■ **Aim of the task**
Set the images aside and retype the whole listing exactly.

■ **Data section**
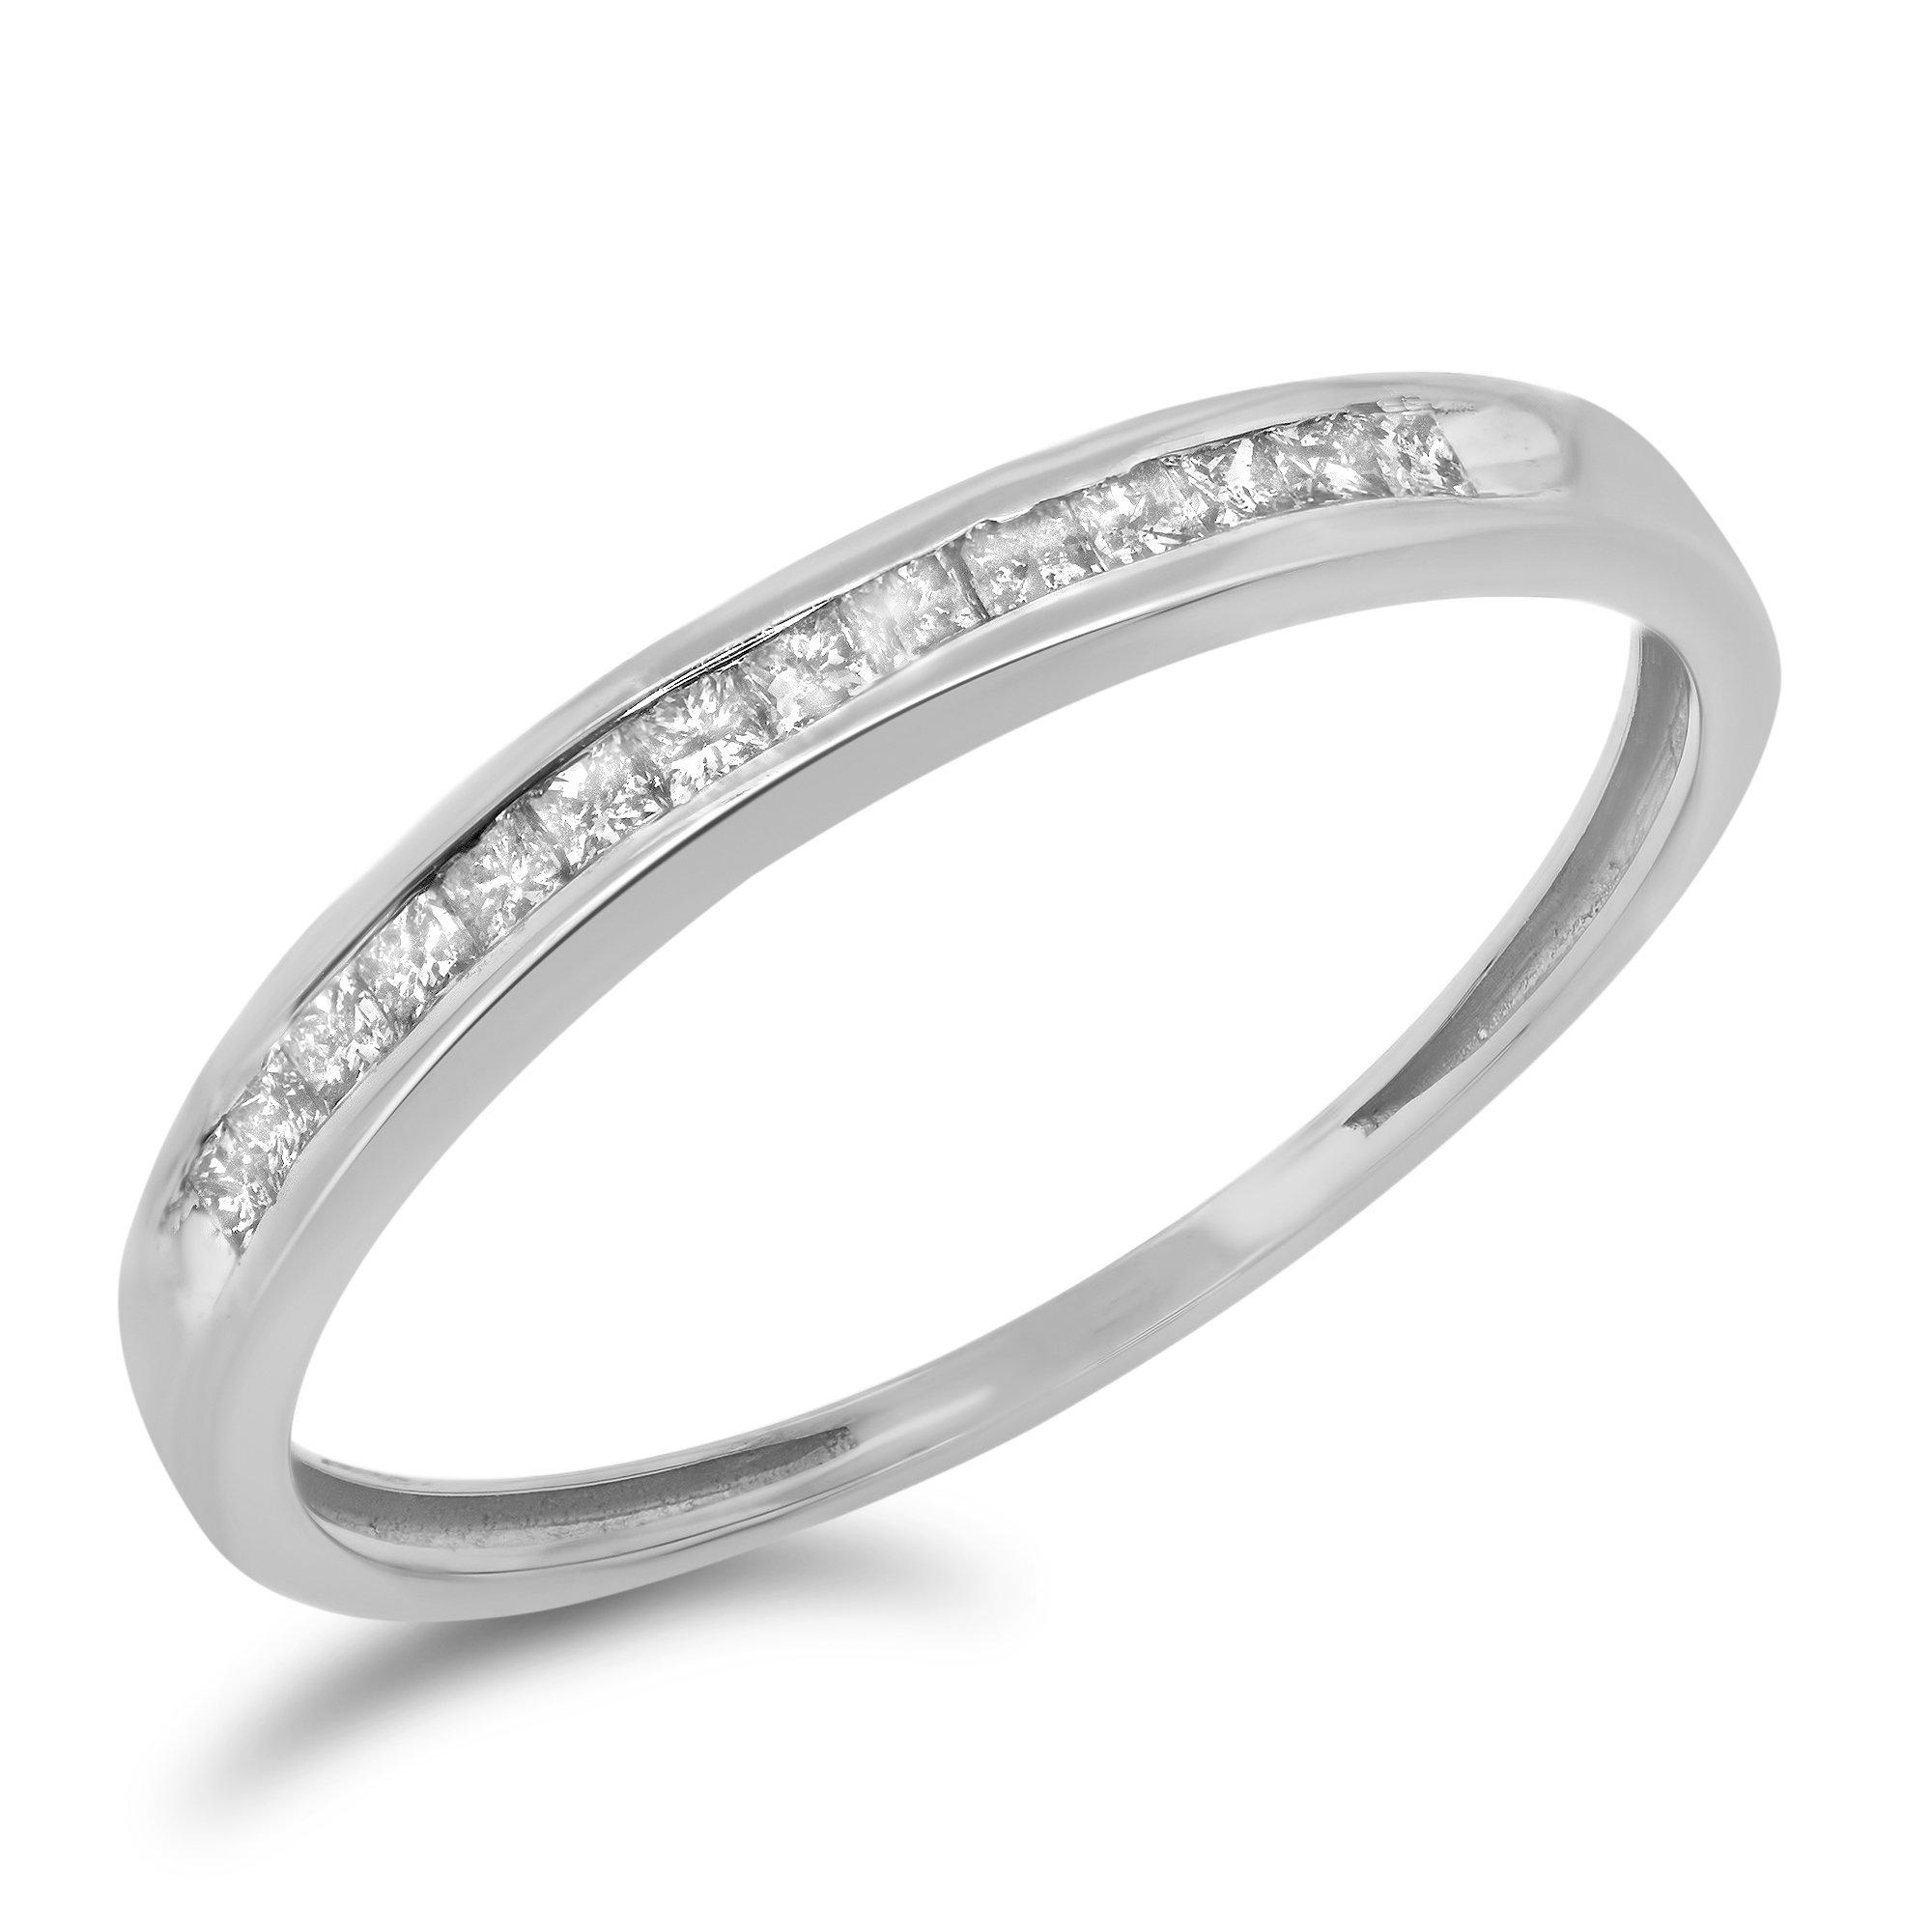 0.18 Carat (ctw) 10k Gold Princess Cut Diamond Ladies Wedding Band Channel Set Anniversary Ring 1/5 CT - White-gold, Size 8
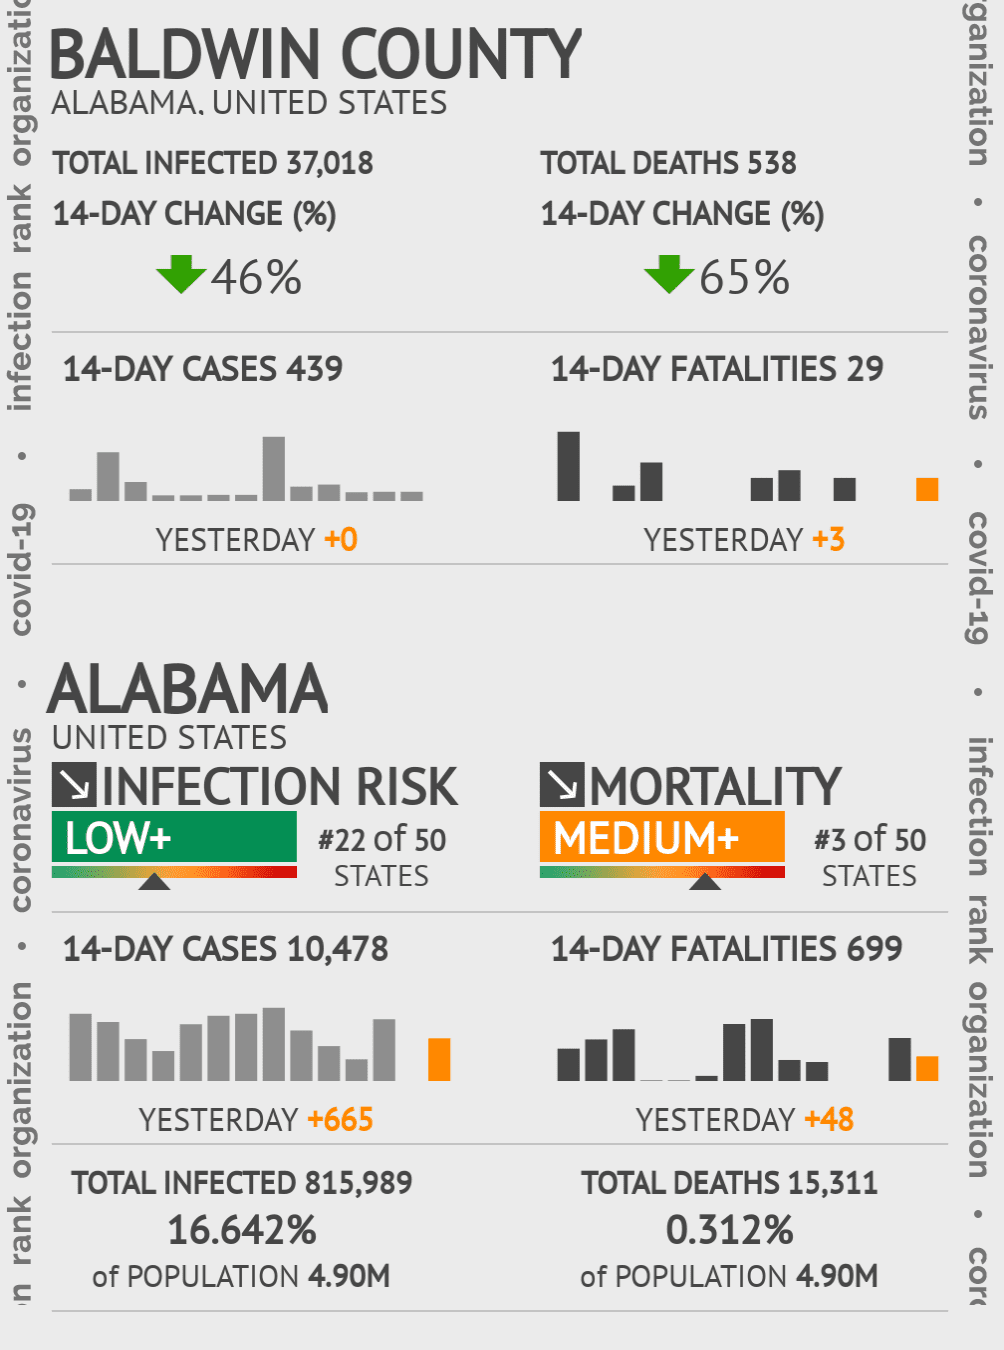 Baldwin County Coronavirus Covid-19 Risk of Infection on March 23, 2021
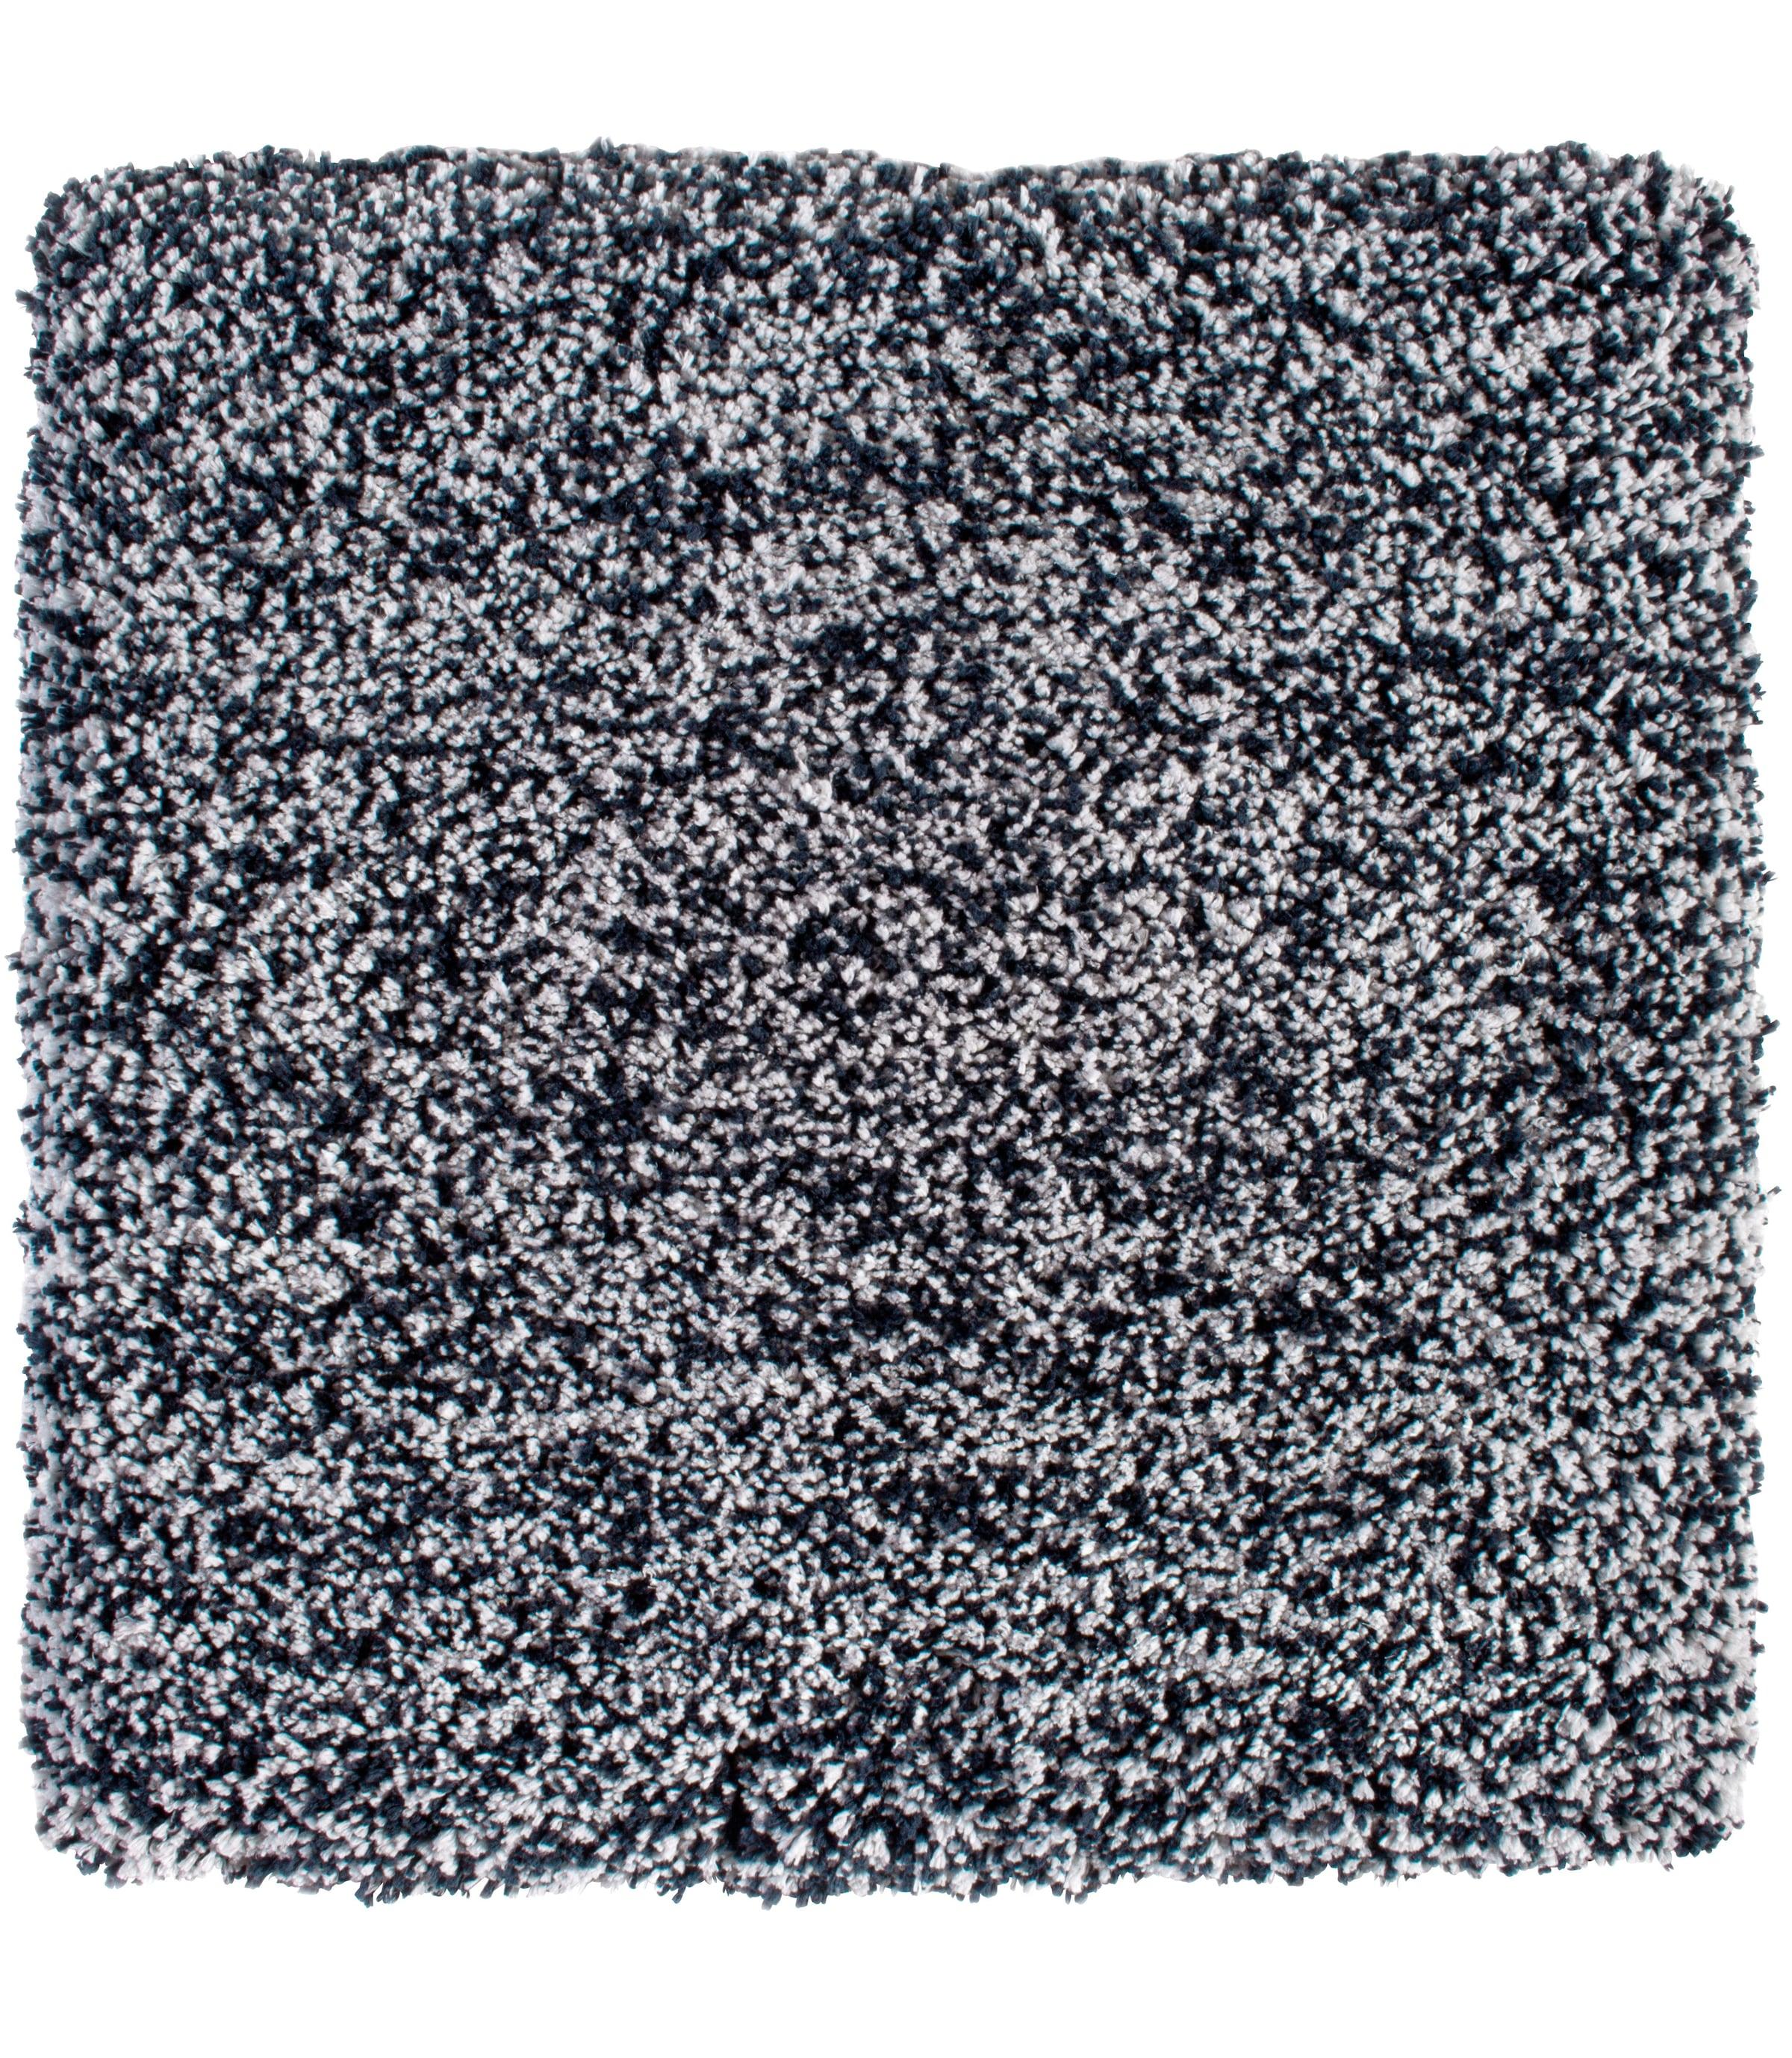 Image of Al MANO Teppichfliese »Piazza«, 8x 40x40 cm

■ **Expected answer**
 0.18 Carat (ctw) 10k Gold Princess Cut Diamond Ladies Wedding Band Channel Set Anniversary Ring 1/5 CT - White-gold, Size 8
 Baldwin County Coronavirus Covid-19 Risk of Infection on March 23, 2021
 Image of Al MANO Teppichfliese »Piazza«, 8x 40x40 cm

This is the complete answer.